Today’s Daily Reckoning reiterates what you might have heard already. It’s the idea that the price of cocoa is your best guide to gauge just how big the threat of Ebola in West Africa is.
At the very least, I’m sure you’ve heard some scuttlebutt in the media about rising chocolate prices. That’s because West Africa dominates the cocoa bean supply. For the moment, the Ebola outbreak is mainly in the countries of Sierra Leone, Liberia and Guinea.
According to my 2013 CRB Commodities Yearbook, the countries that account for about two-thirds of world cocoa production are Ivory Coast, Ghana, Nigeria and Cameroon. Ivory Coast, which happens to be next door to Liberia and Guinea, is the biggest producer. Not only that, the main crop harvest in West Africa is in September and October.
What happens from here depends on the containment effort. The news isn’t exactly encouraging, if the Wall Street Journal is to be believed.
The paper reported from Liberia on October 12:
‘Some of the teams sent to retrieve bodies of suspected Ebola victims here are collecting cash instead, allegedly accepting bribes to issue death certificates to families saying their loved ones died of other causes and leaving the body, locals and health workers say.
‘It is a troubling development for an outbreak in which dead bodies are a major source of contagion and one that suggests local corruption could help undermine the international effort to contain the virus.’
That’s where the price of cocoa can help. Below is a chart of cocoa for December delivery.
The price has obviously been trending higher over the past year, but you’re certainly not seeing any panic-like spikes…not yet anyway.
Of course Ebola is much, much bigger and more serious than its effect on cocoa prices. And here at The Markets and Money we send our thoughts for the lives lost and those bravely helping those stricken.
But I mention cocoa because it seems to me a better guide to whether the situation is under control in West Africa than whatever line governments take to placate a nervous public. A chart can tell you a lot — a government orchestrated news conference tells you nothing.
There are certainly a lot of people looking at the chart of oil right now and what it’s saying about the world economy. Both West Texas and Brent prices are holding around $US83–84 at the time of writing. Officially, oil is now in a bear market. Some argue it’s signalling deflation and poor demand. But you can build a case that it’s the supply gushing out of the ground in the US that’s more important.
Of course, if you’re just looking for trades, it might not even matter. Oil is down, no doubt. But that’s not to say you can no longer make money at all in energy. The performance of African explorer FAR Ltd [ASX: FAR] in recent months is proof enough of that.
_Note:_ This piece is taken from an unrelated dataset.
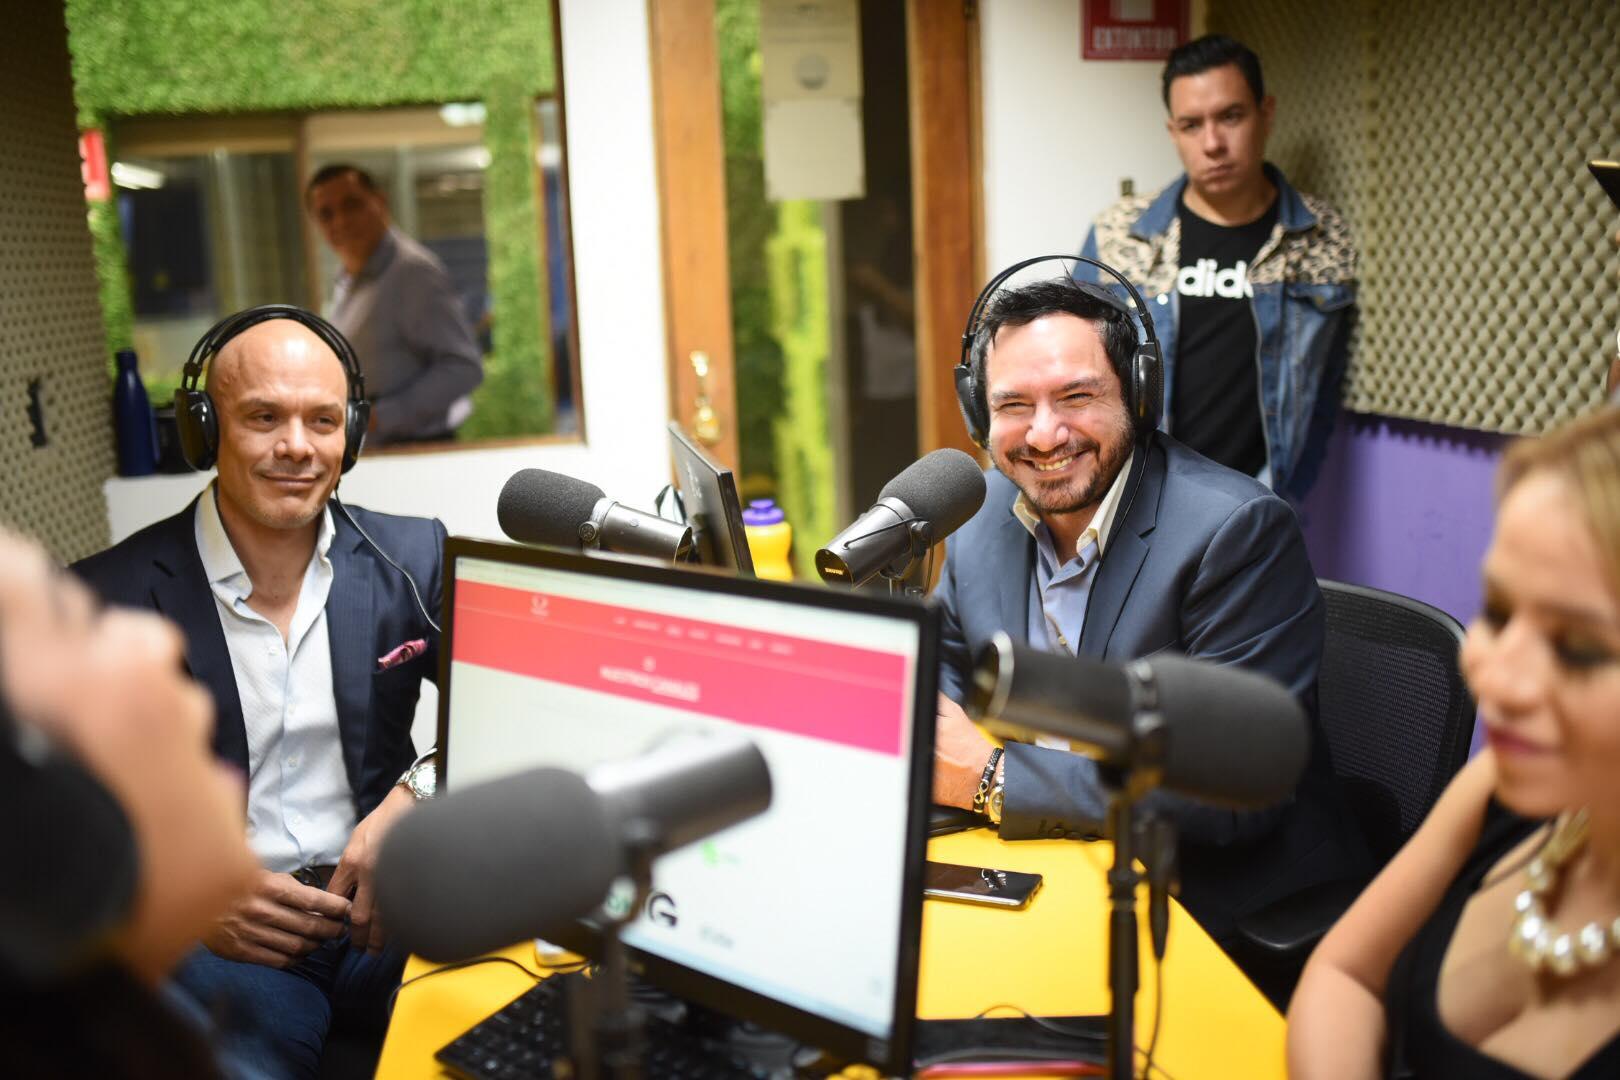 Fernando Muñiz de Televisa y Rodolfo Jiménez de Publinews en La Tronadora.
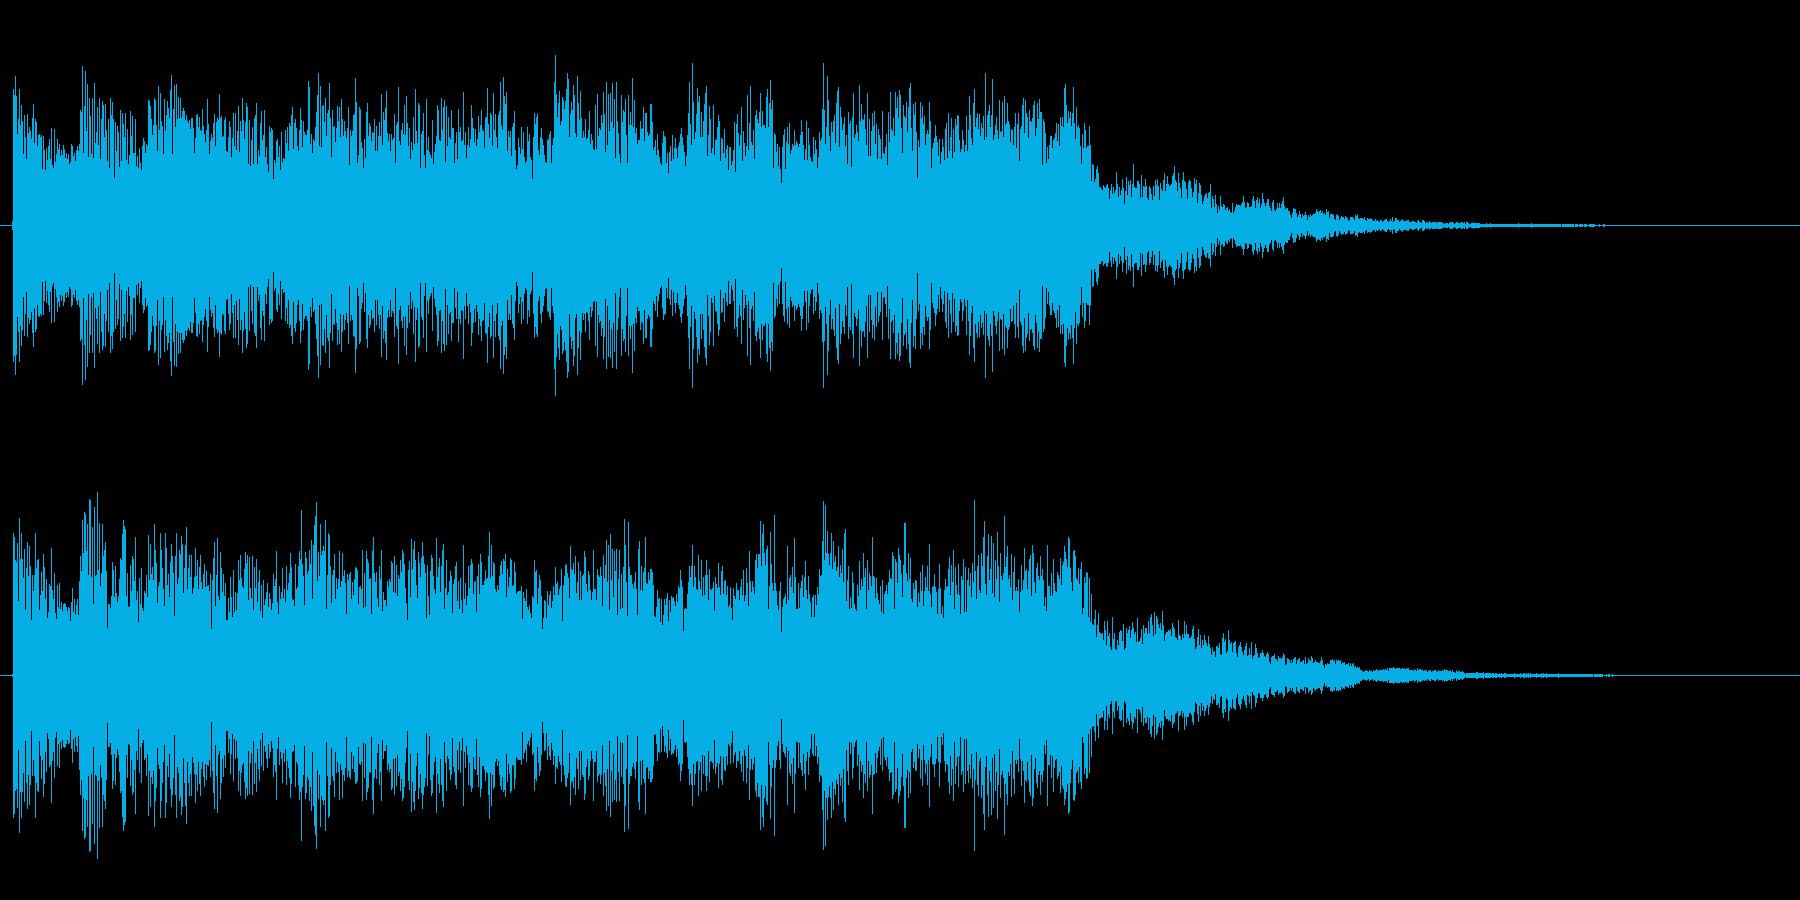 ミステリアス 摩訶不思議な怪しい音 奇妙の再生済みの波形

It’s up 242% in two months.
When ‘wildcat’ companies like FAR find potentially big reserves, the share price can take off regardless of the commodity price. Subscribers to Australian Small-Cap Investigator were on for the ride with FAR.
If you like to watch the stocks making new highs, another example this week is Orbis Gold [ASX: OBS]. It’s almost doubled in the last ten days with pretty much no help from the gold price after a takeover approach. And its focus is on West Africa, of all places. The key is to watch the individual charts.
These are the kind of breakout stocks Jason Stevenson’s lining up over at Diggers and Drillers. As our resource analyst, he’s been watching oil particularly closely, even with oil getting smacked around. Here’s Jason’s take on why:
‘As the Middle East geopolitical conflict heats up, the world has entered into a stage where all the easy oil has been found. To access what’s remaining, companies are drilling deeper than ever before and searching new frontiers. It’s exciting stuff.
‘New oil and gas discoveries have been found in harsh environments everywhere — the Arctic, ultra-deep waters, and even shale. Technology has made this possible.
‘Because of this tech, exploration risk in new frontiers is the lowest it’s been. And as we’ve seen with a number of companies recently, successful wells have returned shareholders more than 100% gains almost overnight.’
Jason will release a report later today to give you more detail on the best companies drilling and exploring on the frontier. Stay tuned for that…
Military analyst John Robb also chimed in on Middle East oil this week. You might recognise the name after he appeared at our World War D conference earlier this year.
Robb made the point in his Global Guerrillas blog that ISIS operates as an open source insurgency that can spread very quickly to new areas as new groups join in. Point being: in his eyes, Saudi Arabia is vulnerable to an ISIS expansion. That’s because ISIS could find huge support from Saudi Arabia’s young male population. They’re educated in the strict literalist tradition and exult in the historic resurgence of ‘a jihad in the medieval tradition’.
Arguably the country with the most to lose from that is actually China. The most important market for Saudi oil now is actually Asia. The US has shale oil. China does not.